- Poster
- Directed by: Fil Ieropoulos
- Written by: Foivos Dousos
- Based on: A Season in Hell by Arthur Rimbaud
- Produced by: Spyros Patsouras; Fil Ieropoulos;
- Starring: Kristof
- Cinematography: Yorgos Koutsaliaris
- Edited by: Fil Ieropoulos
- Music by: Nefeli Bravaki; Niki Bravaki;
- Production companies: FYTA Films; Grom Productions;
- Distributed by: Arsenal Institute for Film and Video Art
- Release date: 2026;
- Running time: 97 minutes

= Uchronia (film) =

2026 film

Uchronia is 2026 film directed, edited and co-produced by Fil Ieropoulos, written by Foivos Dousos.

It is inspired by Arthur Rimbaud's Une Saison en Enfer and follows the ghost of Rimbaud as he travels through time meeting queer, revolutionary figures from across the 20th century including Emma Goldman, Marsha P. Johnson and David Wojnarowicz.

The films's executive producers include Charlie Kaufman.. It premiered in the Forum Expanded section of the 76th Berlin International Film Festival on 17 February 2026. It won the Wild Dreamer Award for Best Documentary at the Subversive Festival.
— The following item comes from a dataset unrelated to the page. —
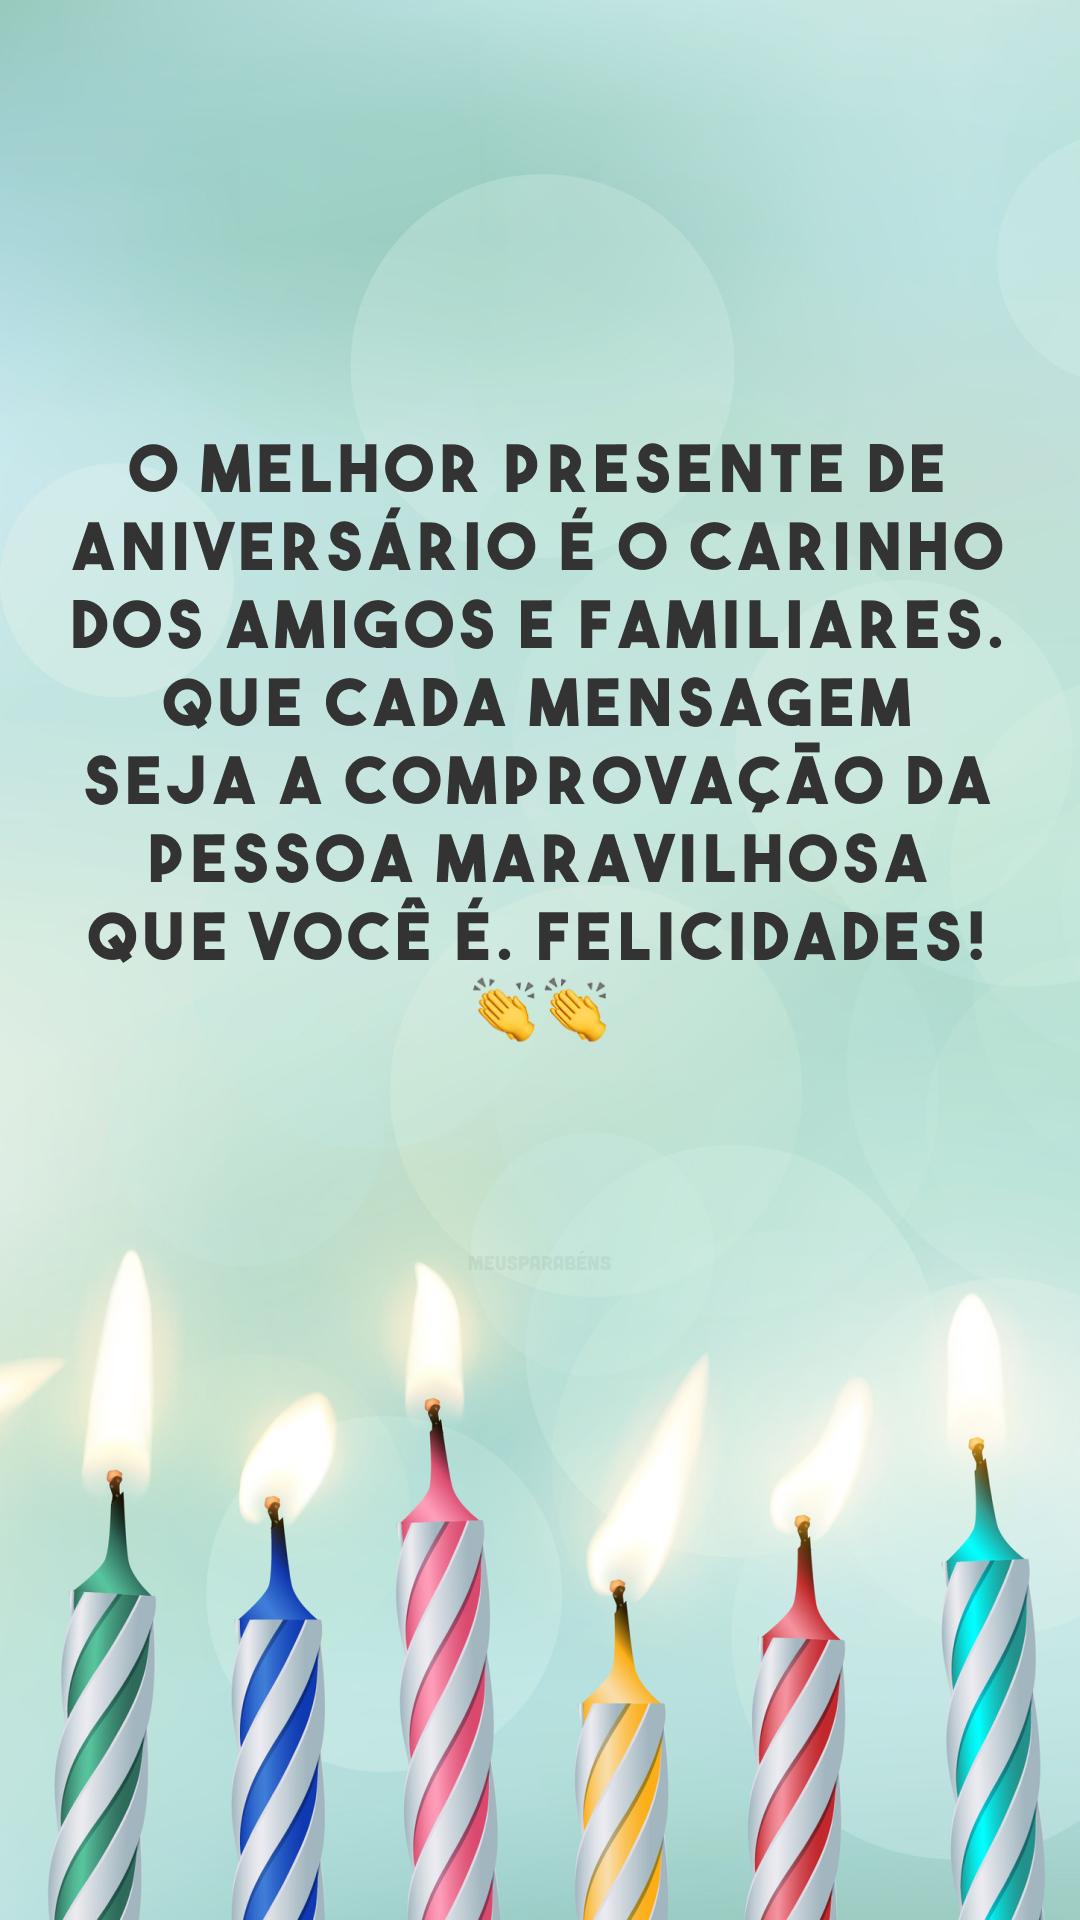 O melhor presente de aniversário é o carinho dos amigos e familiares. Que cada mensagem seja a comprovação da pessoa maravilhosa que você é. Felicidades! 👏👏

After release it also screened at the 40th BFI Flare.. in London, Subversive Festival in Zagreb, Wicked Queer in Boston, Prismatic Ground in New York and MIX México

== Critical reception ==

The film was reviewed by circuit critics following the Berlinale premier. Nick Cunningham, at the documentary trade publication Business Doc Europe, said it was a work of "glorious excess". Cerise Howard said it was "a tirelessly playful film existing outside of conventional realms of genre" and read it as a militantly queer call to honour queer revolutionaries. In the American art magazine The Arts Fuse, Peter Keough said using the chapter headings of Rimbaud's poetic cycle A Season in Hell as the framework resulted in "a tour de force that deserves to be seen, probably more than once"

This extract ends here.